[Prompt]:
Search the entries for the word "White". Copy every line that holds it.

[Stored items from a collection]
↓

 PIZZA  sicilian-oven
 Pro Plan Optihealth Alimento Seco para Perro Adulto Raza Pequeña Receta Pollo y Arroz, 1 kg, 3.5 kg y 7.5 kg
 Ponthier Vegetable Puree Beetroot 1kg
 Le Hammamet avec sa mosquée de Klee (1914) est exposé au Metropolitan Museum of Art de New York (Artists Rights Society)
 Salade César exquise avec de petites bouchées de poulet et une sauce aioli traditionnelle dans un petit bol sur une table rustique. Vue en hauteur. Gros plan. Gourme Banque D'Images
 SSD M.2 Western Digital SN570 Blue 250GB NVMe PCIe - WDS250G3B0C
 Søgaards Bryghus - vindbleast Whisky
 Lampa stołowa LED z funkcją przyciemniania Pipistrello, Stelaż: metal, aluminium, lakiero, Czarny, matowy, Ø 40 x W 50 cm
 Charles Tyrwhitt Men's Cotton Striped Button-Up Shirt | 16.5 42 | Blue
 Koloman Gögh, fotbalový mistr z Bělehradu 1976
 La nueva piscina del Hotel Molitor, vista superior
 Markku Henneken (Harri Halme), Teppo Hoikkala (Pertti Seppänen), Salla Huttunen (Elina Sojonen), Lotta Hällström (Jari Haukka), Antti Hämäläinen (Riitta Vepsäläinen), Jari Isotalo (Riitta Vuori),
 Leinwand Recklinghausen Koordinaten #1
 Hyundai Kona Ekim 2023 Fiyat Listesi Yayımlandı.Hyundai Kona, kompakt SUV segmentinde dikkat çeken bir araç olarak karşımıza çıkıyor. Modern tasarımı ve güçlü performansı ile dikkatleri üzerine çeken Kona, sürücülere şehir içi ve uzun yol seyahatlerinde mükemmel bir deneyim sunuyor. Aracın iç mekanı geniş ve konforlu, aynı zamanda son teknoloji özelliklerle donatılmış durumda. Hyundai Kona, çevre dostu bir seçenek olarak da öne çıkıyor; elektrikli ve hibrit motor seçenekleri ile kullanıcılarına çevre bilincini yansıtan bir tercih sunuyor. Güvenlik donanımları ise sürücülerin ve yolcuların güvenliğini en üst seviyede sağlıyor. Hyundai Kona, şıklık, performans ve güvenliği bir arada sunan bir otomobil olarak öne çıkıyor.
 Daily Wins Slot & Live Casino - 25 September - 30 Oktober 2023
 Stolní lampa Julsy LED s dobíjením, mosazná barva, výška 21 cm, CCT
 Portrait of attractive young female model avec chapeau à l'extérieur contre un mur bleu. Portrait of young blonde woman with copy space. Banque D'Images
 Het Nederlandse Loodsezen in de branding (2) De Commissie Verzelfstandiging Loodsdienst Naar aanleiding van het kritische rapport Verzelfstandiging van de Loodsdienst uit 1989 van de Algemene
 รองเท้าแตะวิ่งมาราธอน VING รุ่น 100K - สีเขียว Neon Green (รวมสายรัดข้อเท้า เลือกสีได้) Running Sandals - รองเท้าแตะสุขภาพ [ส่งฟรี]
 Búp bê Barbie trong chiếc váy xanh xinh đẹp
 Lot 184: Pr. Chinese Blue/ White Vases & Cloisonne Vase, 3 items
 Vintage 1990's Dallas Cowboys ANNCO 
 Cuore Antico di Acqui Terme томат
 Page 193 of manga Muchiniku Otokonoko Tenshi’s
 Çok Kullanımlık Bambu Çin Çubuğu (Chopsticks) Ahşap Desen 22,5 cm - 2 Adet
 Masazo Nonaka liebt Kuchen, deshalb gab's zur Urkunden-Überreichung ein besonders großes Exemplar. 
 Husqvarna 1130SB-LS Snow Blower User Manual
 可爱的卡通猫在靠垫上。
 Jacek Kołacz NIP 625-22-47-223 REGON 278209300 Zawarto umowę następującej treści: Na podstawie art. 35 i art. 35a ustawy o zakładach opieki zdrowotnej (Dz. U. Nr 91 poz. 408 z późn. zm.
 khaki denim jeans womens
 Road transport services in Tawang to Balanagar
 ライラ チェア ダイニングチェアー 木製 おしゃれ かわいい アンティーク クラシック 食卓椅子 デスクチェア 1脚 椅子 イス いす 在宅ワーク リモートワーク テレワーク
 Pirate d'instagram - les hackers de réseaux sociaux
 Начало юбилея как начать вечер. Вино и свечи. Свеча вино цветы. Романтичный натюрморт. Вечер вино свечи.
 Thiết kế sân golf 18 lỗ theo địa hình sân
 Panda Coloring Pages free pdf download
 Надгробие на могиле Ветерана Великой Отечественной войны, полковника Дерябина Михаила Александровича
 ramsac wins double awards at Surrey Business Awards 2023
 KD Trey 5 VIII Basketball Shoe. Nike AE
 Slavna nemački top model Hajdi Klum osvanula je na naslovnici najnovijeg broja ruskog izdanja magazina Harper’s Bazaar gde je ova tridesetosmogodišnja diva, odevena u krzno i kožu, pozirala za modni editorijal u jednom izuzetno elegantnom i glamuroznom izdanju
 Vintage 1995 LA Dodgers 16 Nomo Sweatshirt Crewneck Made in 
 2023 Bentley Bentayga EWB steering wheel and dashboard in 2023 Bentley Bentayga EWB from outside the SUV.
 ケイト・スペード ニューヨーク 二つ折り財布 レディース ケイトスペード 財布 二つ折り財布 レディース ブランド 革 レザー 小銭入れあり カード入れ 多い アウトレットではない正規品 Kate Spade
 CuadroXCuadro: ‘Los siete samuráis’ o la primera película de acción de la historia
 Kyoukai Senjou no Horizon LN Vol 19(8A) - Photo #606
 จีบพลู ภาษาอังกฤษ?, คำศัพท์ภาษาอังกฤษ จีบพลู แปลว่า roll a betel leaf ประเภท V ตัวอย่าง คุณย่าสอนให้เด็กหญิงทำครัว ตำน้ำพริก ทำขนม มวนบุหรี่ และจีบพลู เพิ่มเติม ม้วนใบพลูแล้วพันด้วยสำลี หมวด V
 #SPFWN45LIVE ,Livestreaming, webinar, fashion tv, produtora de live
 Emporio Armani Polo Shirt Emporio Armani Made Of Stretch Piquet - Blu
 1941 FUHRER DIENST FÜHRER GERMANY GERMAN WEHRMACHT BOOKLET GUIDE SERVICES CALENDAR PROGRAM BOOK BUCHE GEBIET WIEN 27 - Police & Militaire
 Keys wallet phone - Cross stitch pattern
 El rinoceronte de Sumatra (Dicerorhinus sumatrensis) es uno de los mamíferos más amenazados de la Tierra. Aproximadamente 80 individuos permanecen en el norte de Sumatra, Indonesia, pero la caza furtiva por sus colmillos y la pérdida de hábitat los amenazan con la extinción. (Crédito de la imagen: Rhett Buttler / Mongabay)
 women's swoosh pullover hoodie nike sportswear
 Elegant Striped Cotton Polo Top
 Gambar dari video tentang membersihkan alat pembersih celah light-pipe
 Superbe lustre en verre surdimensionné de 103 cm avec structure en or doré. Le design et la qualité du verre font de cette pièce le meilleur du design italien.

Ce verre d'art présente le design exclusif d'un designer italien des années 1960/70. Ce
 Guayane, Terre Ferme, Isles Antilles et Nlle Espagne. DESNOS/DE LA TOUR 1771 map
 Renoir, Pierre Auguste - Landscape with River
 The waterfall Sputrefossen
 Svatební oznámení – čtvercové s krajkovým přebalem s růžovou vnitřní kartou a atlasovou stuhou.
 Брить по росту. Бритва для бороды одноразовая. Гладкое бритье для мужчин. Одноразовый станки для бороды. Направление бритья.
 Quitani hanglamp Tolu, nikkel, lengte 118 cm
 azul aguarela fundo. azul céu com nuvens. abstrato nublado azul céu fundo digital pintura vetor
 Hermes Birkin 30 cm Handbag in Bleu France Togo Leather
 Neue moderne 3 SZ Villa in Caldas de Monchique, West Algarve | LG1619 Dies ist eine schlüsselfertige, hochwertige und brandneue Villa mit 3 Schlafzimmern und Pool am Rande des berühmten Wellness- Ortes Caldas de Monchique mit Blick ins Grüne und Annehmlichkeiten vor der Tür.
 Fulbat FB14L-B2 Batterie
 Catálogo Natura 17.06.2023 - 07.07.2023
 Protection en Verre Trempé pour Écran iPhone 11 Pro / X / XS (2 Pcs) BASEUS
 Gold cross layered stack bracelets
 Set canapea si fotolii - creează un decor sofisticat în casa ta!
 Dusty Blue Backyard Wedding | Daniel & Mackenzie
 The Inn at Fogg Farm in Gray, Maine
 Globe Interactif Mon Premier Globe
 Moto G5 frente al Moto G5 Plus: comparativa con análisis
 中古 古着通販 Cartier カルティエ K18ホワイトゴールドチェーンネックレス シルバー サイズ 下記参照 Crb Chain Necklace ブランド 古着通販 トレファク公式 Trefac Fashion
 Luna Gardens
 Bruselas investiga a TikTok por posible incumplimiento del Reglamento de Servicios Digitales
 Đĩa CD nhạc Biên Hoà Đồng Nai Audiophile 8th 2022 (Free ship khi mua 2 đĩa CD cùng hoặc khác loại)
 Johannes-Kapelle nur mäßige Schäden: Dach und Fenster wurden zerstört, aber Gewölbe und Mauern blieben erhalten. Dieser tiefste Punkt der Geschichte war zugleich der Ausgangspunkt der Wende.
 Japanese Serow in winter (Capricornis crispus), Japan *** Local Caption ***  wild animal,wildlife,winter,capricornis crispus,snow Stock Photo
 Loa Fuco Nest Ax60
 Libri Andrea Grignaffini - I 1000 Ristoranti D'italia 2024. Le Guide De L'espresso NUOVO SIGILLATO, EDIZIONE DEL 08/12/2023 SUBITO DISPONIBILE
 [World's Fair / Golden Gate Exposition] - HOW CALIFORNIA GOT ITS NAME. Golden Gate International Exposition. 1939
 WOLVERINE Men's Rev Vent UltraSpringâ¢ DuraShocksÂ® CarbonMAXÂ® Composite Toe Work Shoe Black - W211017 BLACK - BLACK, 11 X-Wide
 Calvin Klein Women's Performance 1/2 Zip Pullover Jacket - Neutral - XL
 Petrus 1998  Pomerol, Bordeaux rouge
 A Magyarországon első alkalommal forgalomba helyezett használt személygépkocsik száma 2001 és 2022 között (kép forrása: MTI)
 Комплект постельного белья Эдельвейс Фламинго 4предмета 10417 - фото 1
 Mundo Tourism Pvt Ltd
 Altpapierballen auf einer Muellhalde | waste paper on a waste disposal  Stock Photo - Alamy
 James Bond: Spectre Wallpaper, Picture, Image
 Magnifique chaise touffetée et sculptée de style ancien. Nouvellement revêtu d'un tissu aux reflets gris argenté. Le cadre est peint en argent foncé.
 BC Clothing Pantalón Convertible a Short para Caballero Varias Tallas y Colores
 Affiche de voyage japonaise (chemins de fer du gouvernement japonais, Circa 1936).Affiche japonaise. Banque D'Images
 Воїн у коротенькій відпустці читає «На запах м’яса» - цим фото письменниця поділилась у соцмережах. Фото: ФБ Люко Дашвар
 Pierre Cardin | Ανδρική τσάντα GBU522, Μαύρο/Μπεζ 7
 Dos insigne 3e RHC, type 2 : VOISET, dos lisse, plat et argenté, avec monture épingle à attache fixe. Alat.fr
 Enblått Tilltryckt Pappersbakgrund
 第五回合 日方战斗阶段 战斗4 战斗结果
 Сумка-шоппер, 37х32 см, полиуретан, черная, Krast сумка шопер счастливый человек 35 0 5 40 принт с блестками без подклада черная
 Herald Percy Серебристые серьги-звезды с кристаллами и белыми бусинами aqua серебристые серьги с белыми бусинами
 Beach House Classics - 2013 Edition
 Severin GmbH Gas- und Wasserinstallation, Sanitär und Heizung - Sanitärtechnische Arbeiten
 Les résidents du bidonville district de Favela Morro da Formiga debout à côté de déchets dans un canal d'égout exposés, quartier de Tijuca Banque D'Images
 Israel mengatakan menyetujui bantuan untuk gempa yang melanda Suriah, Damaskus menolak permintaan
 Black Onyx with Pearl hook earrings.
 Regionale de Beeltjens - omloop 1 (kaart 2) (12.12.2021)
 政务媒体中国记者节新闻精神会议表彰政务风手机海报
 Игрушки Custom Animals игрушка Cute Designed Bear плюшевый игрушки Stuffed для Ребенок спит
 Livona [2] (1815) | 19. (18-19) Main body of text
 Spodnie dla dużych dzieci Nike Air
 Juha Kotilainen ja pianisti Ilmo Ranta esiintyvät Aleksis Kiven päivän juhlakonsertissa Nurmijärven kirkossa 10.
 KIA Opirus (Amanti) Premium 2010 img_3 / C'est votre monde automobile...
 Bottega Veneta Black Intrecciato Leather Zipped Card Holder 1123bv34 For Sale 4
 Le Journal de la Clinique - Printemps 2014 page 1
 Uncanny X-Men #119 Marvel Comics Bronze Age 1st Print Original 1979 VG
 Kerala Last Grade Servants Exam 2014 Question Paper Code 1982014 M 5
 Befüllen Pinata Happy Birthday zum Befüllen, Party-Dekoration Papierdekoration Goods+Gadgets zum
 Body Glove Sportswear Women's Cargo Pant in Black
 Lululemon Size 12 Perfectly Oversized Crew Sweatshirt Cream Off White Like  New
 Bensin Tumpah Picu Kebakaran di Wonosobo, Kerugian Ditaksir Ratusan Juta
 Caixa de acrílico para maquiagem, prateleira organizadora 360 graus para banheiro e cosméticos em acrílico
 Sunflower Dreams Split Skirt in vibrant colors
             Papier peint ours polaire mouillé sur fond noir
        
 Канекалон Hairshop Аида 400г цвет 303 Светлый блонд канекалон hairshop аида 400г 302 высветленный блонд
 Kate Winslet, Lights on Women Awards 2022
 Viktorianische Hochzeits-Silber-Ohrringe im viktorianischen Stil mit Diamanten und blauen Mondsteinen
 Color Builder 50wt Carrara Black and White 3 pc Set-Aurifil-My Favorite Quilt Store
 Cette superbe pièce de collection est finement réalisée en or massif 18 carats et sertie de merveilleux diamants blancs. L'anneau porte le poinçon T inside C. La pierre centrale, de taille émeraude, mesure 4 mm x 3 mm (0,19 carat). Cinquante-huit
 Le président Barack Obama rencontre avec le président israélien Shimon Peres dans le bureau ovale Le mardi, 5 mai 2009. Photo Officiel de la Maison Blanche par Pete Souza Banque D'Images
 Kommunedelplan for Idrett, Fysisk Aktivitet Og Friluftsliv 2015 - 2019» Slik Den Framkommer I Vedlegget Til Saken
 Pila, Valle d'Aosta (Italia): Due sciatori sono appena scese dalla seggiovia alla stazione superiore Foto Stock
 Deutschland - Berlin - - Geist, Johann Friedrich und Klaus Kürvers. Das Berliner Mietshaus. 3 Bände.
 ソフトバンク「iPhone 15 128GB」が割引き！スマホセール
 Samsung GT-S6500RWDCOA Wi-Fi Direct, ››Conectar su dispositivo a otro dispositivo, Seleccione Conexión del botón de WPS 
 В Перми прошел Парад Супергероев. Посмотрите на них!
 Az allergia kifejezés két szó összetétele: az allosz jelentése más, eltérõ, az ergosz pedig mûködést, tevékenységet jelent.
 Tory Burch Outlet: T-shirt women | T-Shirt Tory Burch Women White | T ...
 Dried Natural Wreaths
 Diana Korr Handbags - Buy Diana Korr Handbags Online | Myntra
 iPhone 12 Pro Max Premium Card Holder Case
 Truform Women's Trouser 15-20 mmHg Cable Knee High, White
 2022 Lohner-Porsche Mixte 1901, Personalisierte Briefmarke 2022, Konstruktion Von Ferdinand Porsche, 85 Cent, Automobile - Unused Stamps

↑

[Solution to this exercise]:
 Lot 184: Pr. Chinese Blue/ White Vases & Cloisonne Vase, 3 items
 Lululemon Size 12 Perfectly Oversized Crew Sweatshirt Cream Off White Like  New
 Color Builder 50wt Carrara Black and White 3 pc Set-Aurifil-My Favorite Quilt Store
 Tory Burch Outlet: T-shirt women | T-Shirt Tory Burch Women White | T ...
 Truform Women's Trouser 15-20 mmHg Cable Knee High, White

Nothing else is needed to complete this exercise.